TASK BRIEF: All lines from the one containing "莎夏.塔格斯布魯.拉波因特著" through the end of the material below are to be printed exactly, both ends included, minus pictures.

RAW DATA:
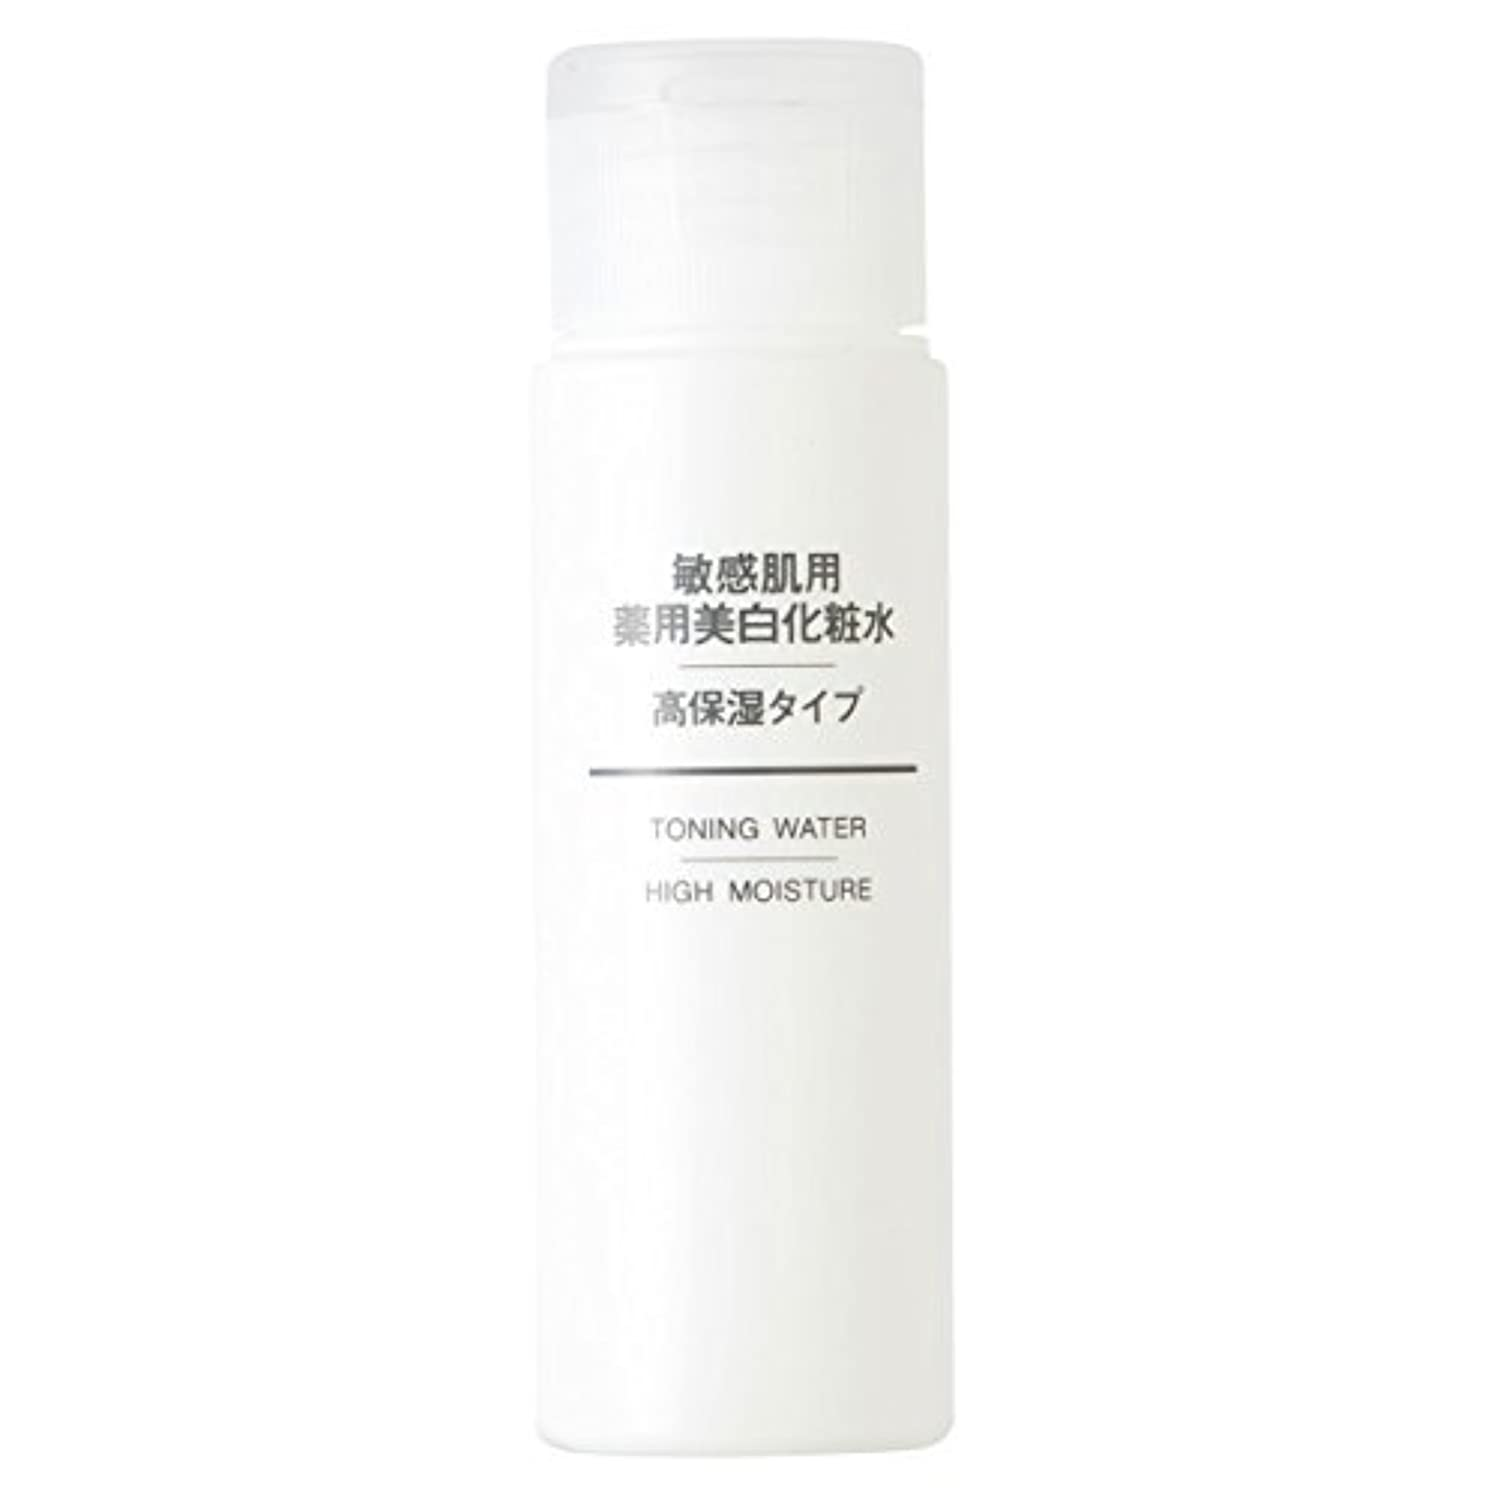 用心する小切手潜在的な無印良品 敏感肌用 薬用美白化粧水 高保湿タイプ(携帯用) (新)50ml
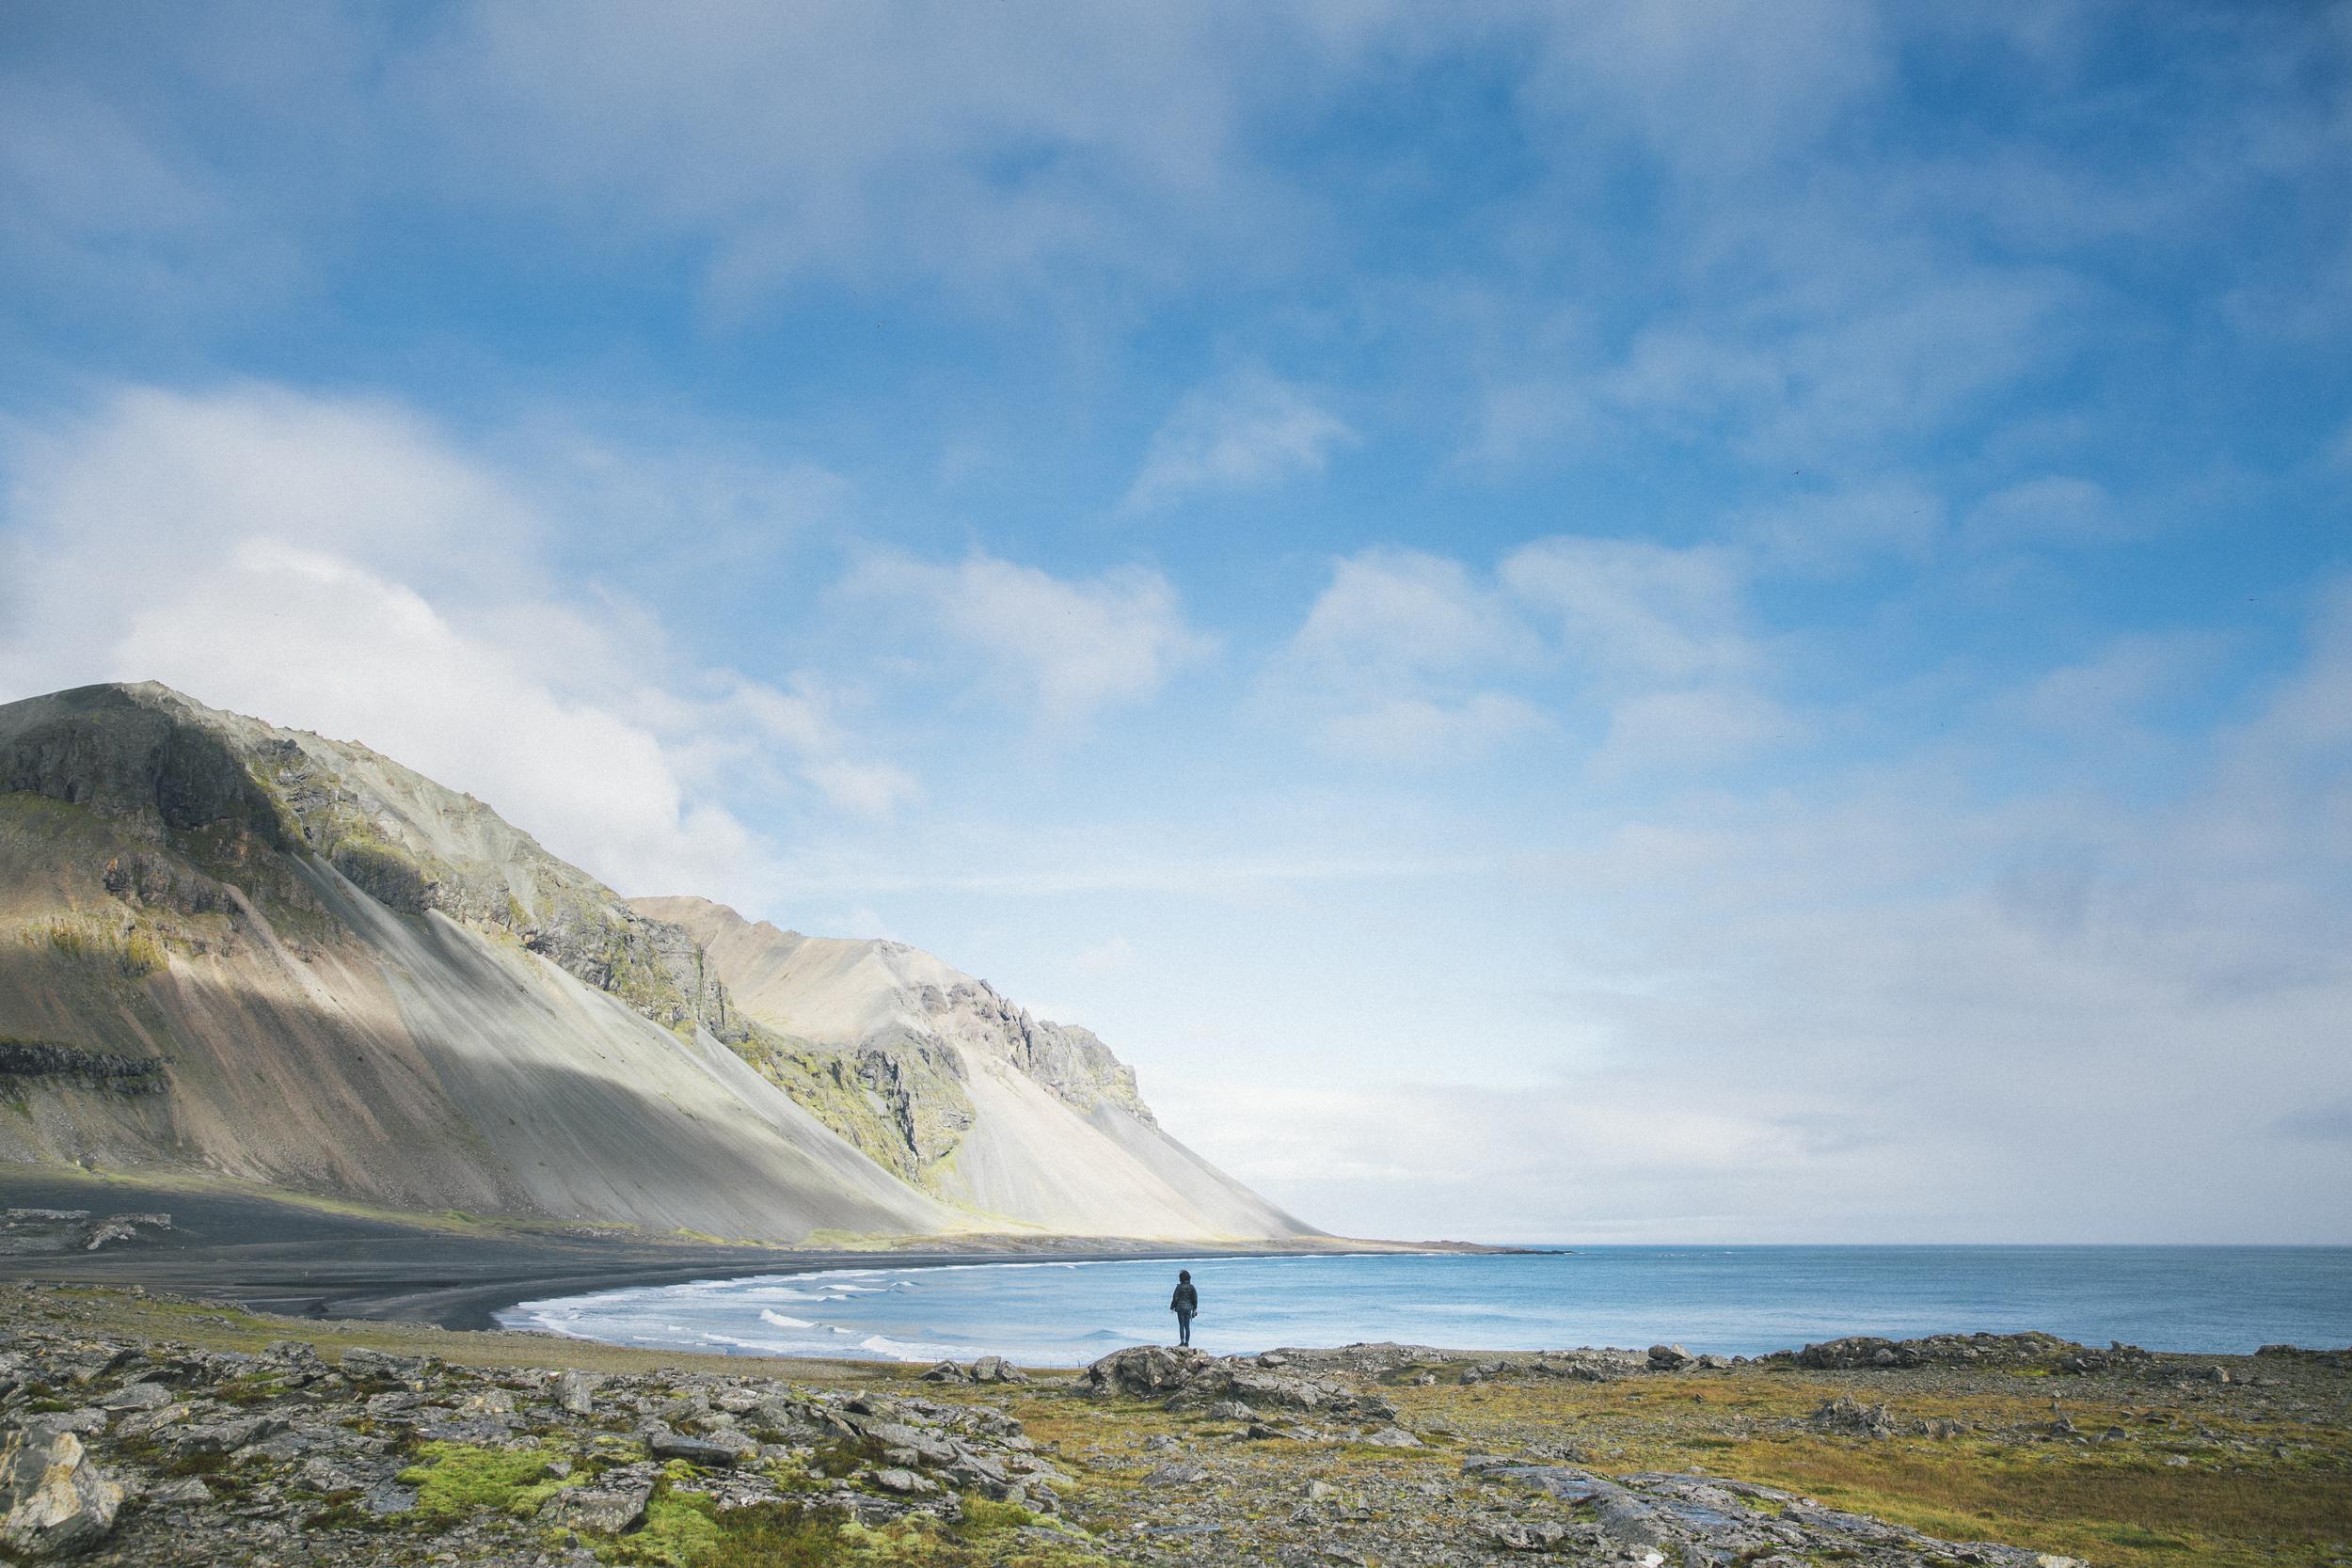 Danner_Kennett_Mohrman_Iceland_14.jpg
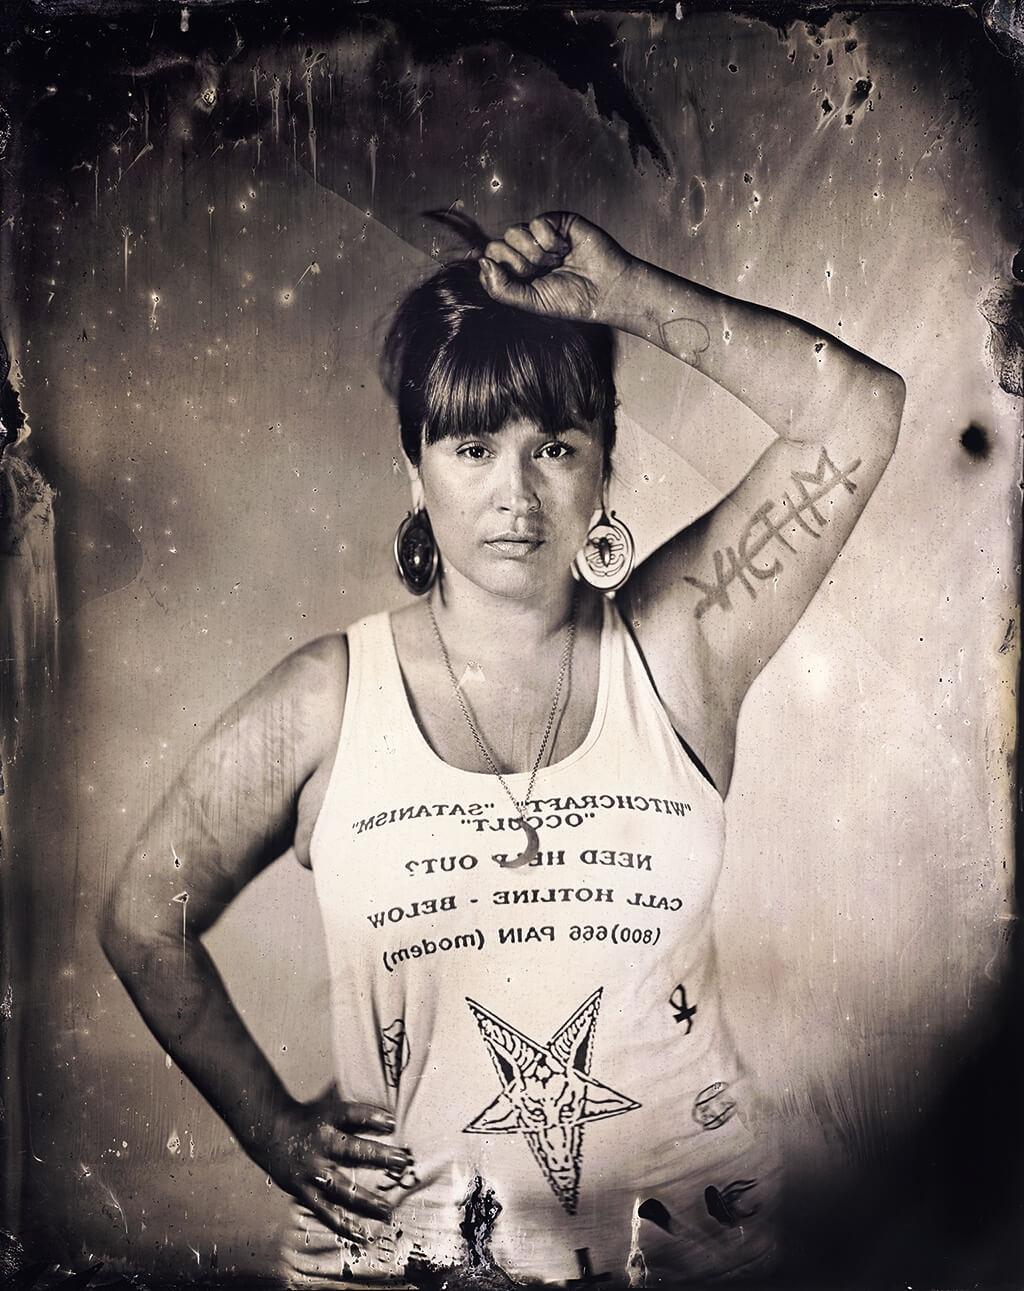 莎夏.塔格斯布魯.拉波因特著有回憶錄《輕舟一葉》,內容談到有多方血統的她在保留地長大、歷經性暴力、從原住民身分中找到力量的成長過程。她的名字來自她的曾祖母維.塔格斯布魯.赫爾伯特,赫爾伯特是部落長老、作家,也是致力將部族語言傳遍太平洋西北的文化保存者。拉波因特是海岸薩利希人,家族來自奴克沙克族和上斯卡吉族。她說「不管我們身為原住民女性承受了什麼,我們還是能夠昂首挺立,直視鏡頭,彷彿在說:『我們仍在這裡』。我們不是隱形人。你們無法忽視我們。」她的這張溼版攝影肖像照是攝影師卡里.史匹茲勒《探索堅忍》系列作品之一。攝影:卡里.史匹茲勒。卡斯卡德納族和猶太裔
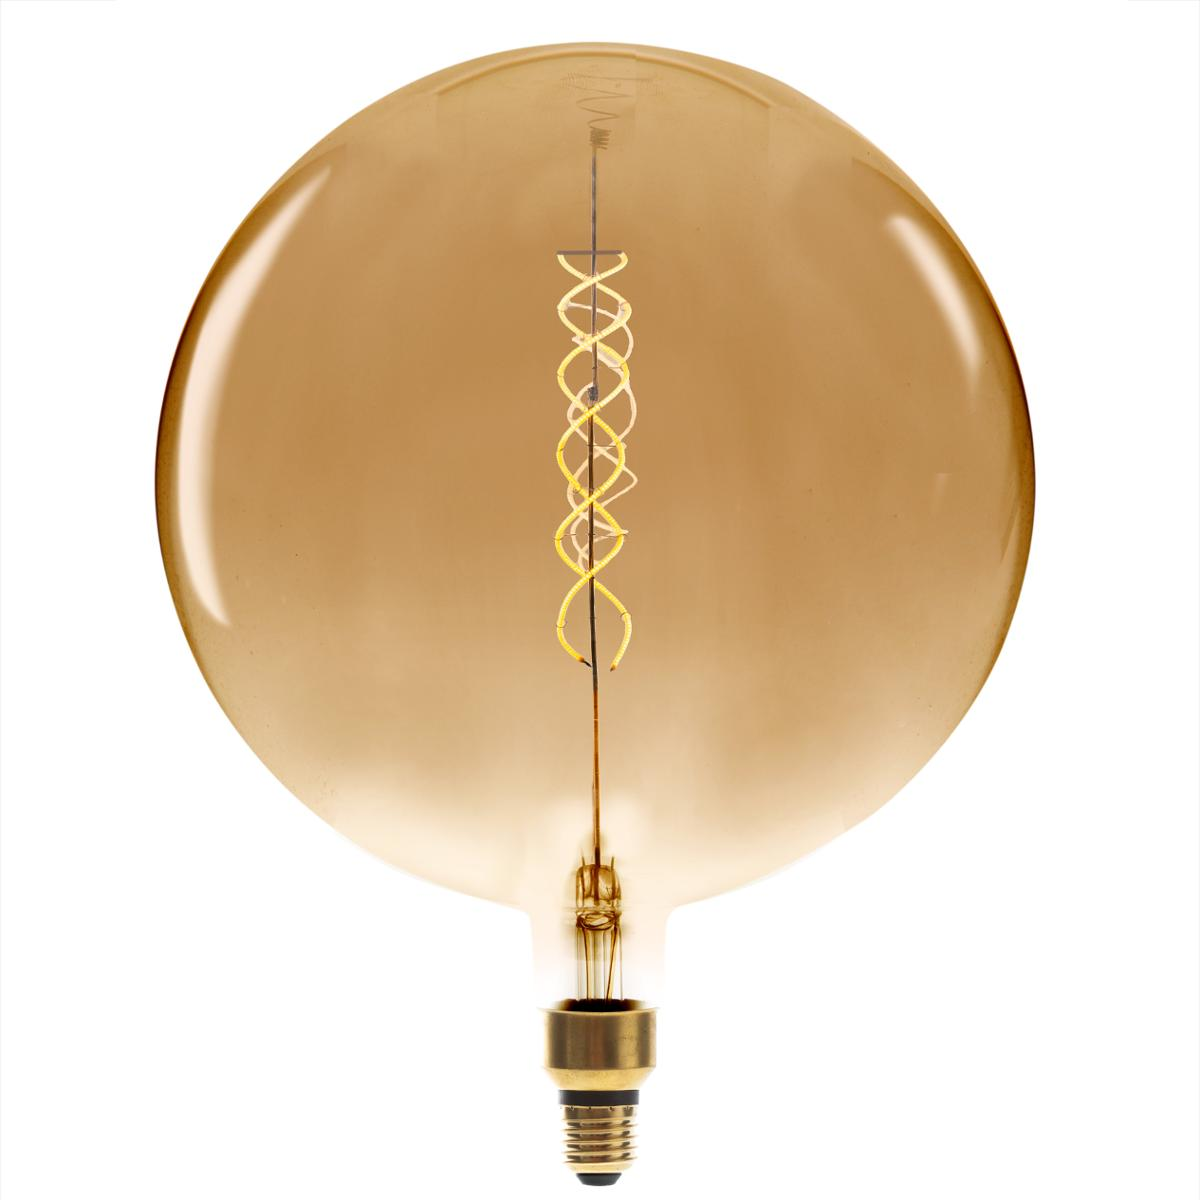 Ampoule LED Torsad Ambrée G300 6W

REPLY:
 莎夏.塔格斯布魯.拉波因特著有回憶錄《輕舟一葉》,內容談到有多方血統的她在保留地長大、歷經性暴力、從原住民身分中找到力量的成長過程。她的名字來自她的曾祖母維.塔格斯布魯.赫爾伯特,赫爾伯特是部落長老、作家,也是致力將部族語言傳遍太平洋西北的文化保存者。拉波因特是海岸薩利希人,家族來自奴克沙克族和上斯卡吉族。她說「不管我們身為原住民女性承受了什麼,我們還是能夠昂首挺立,直視鏡頭,彷彿在說:『我們仍在這裡』。我們不是隱形人。你們無法忽視我們。」她的這張溼版攝影肖像照是攝影師卡里.史匹茲勒《探索堅忍》系列作品之一。攝影:卡里.史匹茲勒。卡斯卡德納族和猶太裔
 Ampoule LED Torsad Ambrée G300 6W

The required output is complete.